Depending on which plays you watched, Pittsburgh Steelers QB Justin Fields played either his best or his worst game. He made some truly highlight plays, and also used his legs effectively, including on two rushing touchdowns. If you isolate his highlights, you could certainly make the case that he has the makings of a franchise player.
Unfortunately, you can’t separate the bad from the good, and the Steelers are still working on reducing the bad. Fields had his share of bad yesterday, including ill-advised throws, more center-quarterback exchange issues, and lack of pocket awareness. You can even go back to the usual complaint of missing open receivers.

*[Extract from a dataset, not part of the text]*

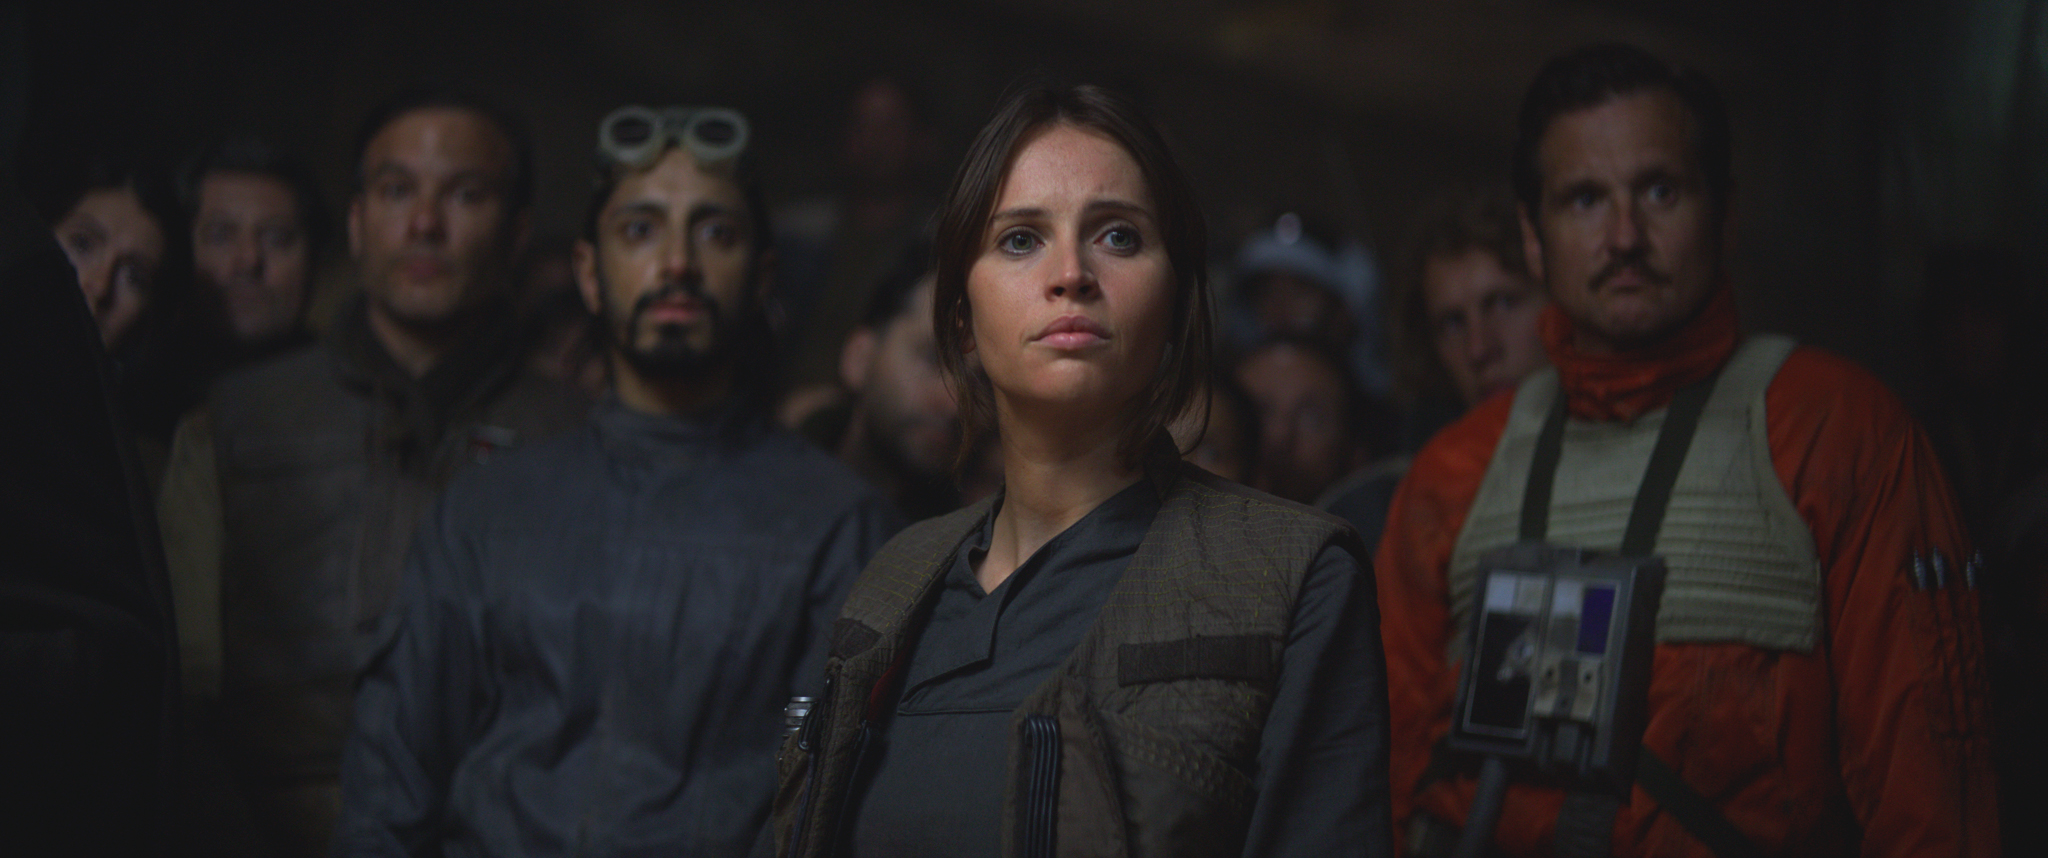 De Leia à Jyn Erso : comment Star Wars tente de libérer ses héroïnes

The question is how much can you work on mitigating the bad while accentuating the good? What does a Justin Fields ceiling look like when he is at his full maturity, so to speak? There is no reason, for example, that he has to continue struggling with snap exchanges. And to his credit, he has made progress in areas of prior concern.
Former Steelers DL Chris Hoke believes he has seen enough from Justin Fields to see that franchise guy in him. The only question is if they can actually get it out of him because the good, in his mind, is truly good enough.
“Every week he’s getting better”, Hoke said of Fields Sunday on the KDKA Nightly Sports Call show. “Some of this stuff, he’s got to clean up. Some things are starting to pop up in the last two weeks, an interception last week, this week the fumble, which I think is just trying to do too much, and then that last play where he picked up his leg, a lack of focus that he talked about”.
“If [Fields] cleans those little things up, then he had a perfect game in my mind”, Hoke continued. “When you go 24-of-34 for 312 yards, no picks, a touchdown – he also ran for 55 yards – to me that is an exceptional game for a quarterback. Take away those turnovers and that sloppy play on that one and I think you’re looking at a guy who’s on the rise”.
Justin Fields went 22-of-34 passing for 312 yards with one touchdown pass. He also rushed for 55 yards on 10 attempts for two touchdowns. The game marked just the second 300-yard passing game of his career and also his second with multiple rushing touchdowns. With one passing touchdown and two rushing touchdowns, he also produced at least three scores for the sixth time of his NFL career.
But he also took four sacks, many of them escapable, especially his 20-yard loss on which he fumbled. The play that will stand out is Justin Fields taking a snap to the facemask at the end of the game, for which he took the blame for not paying attention.
You always have to take the bad with the good for any player, but how much bad can the Steelers eliminate from Fields’ game? I agree with Hoke that he has shown he has the talent in him, but the bad comes with it.